8 - Broke His Promise

3K 342 10
                                    

Yang kami lakukan di dalam studio itu salah.

Memori baru yang dibuat demi mengenang memori lama itu adalah salah.

Ketika film selesai, aku merasa sangat jahat. Melihat Mingyu yang keluar studio sambil merenggangkan punggung tanpa menyadari apa yg terjadi di bangku belakang, aku menunduk menatap cincin yang Saverio pasangkan di jari manisku dan melepasnya diam-diam.

Lebih baik menyimpannya dan tidak seorang pun tau tentang cincin itu.

Ketika aku melihat wajah istrinya, aku merasa sangat berdosa. Yang kulakukan dengan Saverio tadi tidak seharusnya terjadi. Harusnya tadi aku mendorongnya menjauh. Harusnya tadi aku tidak membiarkan dia menggenggam tanganku.

Harusnya... kami tidak duduk bersebelahan.

Dan ketika aku menatap Saverio, dia membalas tatapanku dengan intens. Seolah ada rona baru di wajahnya yang membuat laki-laki itu terlihat lebih hidup.

Saverio memberikan senyumnya. Sehingga akhirnya aku membuang pandangan.

Malamnya, aku masih diliputi lautan rasa bersalah. Rasa bersalah itulah yang akhirnya membuatku memutuskan untuk jalan-jalan sendirian di sekitar hotel, di malam yang cukup larut.

Meski begitu, di luar sini sama sekali tidak sepi. Justru rasanya makin ramai karena makin banyak yang nongkrong.

Aku sendiri tidak tertarik, jadi hanya berjalan-jalan tanpa tujuan dan tanpa memikirkan apapun. Aku sedang tidak ingin berpikir--

"Lyra."

Oh, tidak. Aku mempercepat langkah mengenali suara Saverio yang berderap mendekat. Berusaha berbaur dengan keramaian--

Saverio berhasil meraih tanganku.

"Lepas." Aku berusaha melepasnya, yang membuat genggaman di pergelangan tanganku semakin erat.

"Kenapa malam-malam begini sendirian? Bagaimana kalau ada yang berniat jahat? Disini bahaya, Lyra."

Aku menatap Saverio yang jauh lebih tinggi dan terlihat betapa dewasanya laki-laki itu. Tersenyum lirih.

Dari dulu, Saverio sering berkata bahwa dunia luar itu berbahaya.
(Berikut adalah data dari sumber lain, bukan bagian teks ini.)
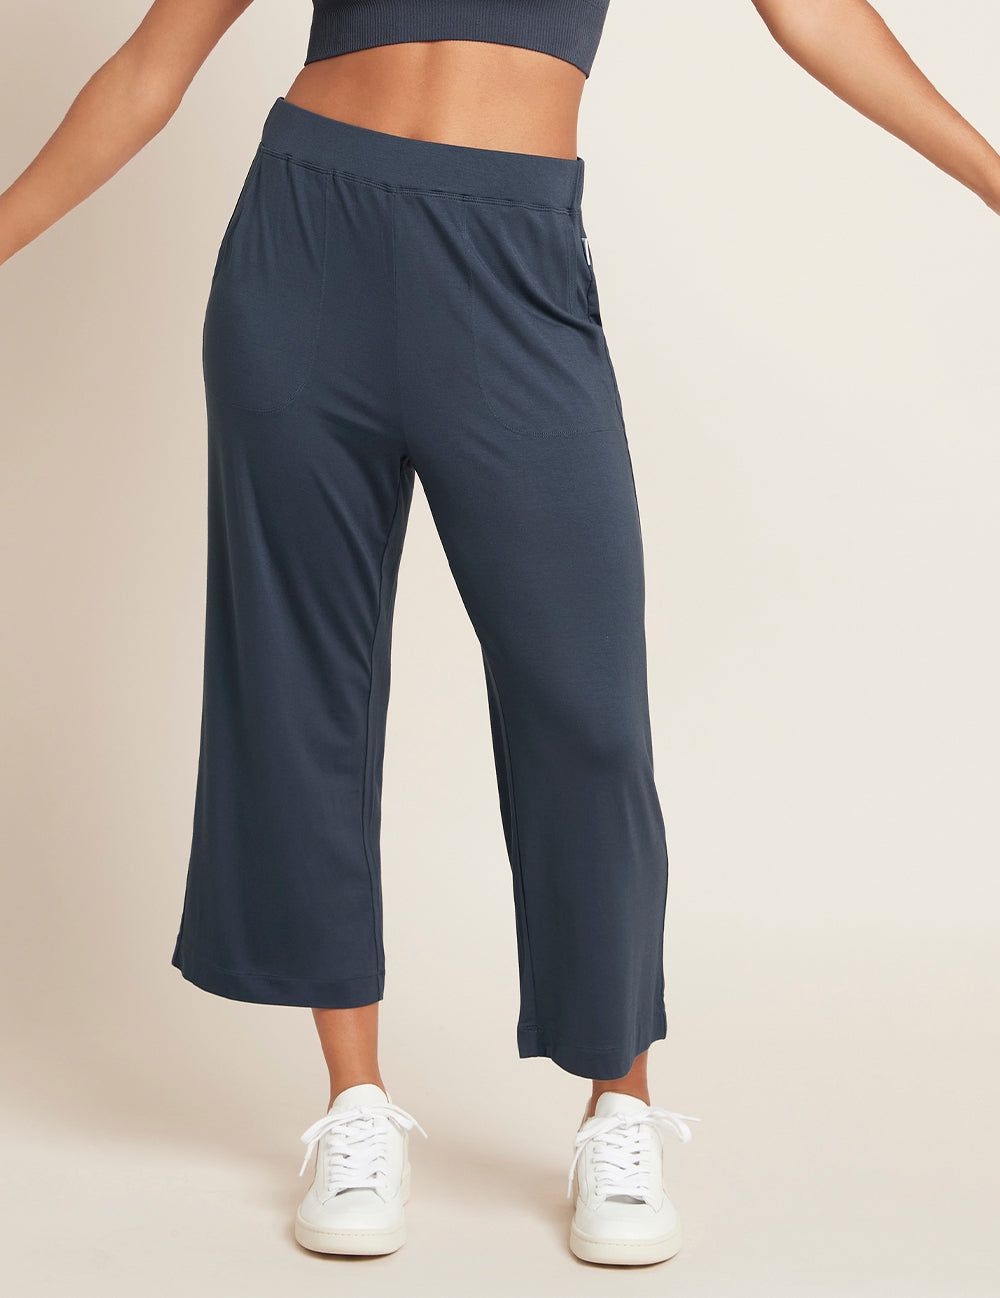 Downtime Crop Pant

"Kamu tidak perlu pergi sendirian seperti ini. Kakak akan ikut kemana pun kamu pergi," katanya sembari tersenyum. Matanya ikut tersenyum.

Lalu aku?

Harusnya aku menolak pergi dengannya. Tapi yang justru terjadi, aku membiarkan Saverio mengikuti setiap langkahku, dengan tangannya yang tidak mau melepas genggamannya pada tanganku.

Sampai kemudian Saverio menyadari sesuatu. Dia menatapku dengan ekspresi menuntut saat bertanya, "Dimana cincinnya?"

Bukannya menjawab, aku hanya menunduk. Dan tatapanku terpaku pada tangannya yang masih menggenggamku.

***

Bahkan saat aku kembali ke Jakarta dan sedang mempersiapkan kuliahku, aku masih merasa begitu buruk.

Cincin itu kusimpan di meja belajarku, agak tersembunyi oleh kumpulan scrunchie, tidak ada yang menyadari keberadaannya. Namun saat aku kembali berkemas untuk keperluan kuliahku, aku juga membawa serta cincin itu ke kost yang akan kutempati.

Cincin yang sayangnya tidak akan bisa kupakai, tidak peduli betapa aku menyukai cincin itu.

Aku tidak memberi tau siapa-siapa dimana kost baruku, orang tuaku bahkan tidak tau dan mereka tidak ambil pusing. Yahh, kadang orang tuaku memang secuek itu. Bagi mereka, yang penting ATM-ku tidak kering.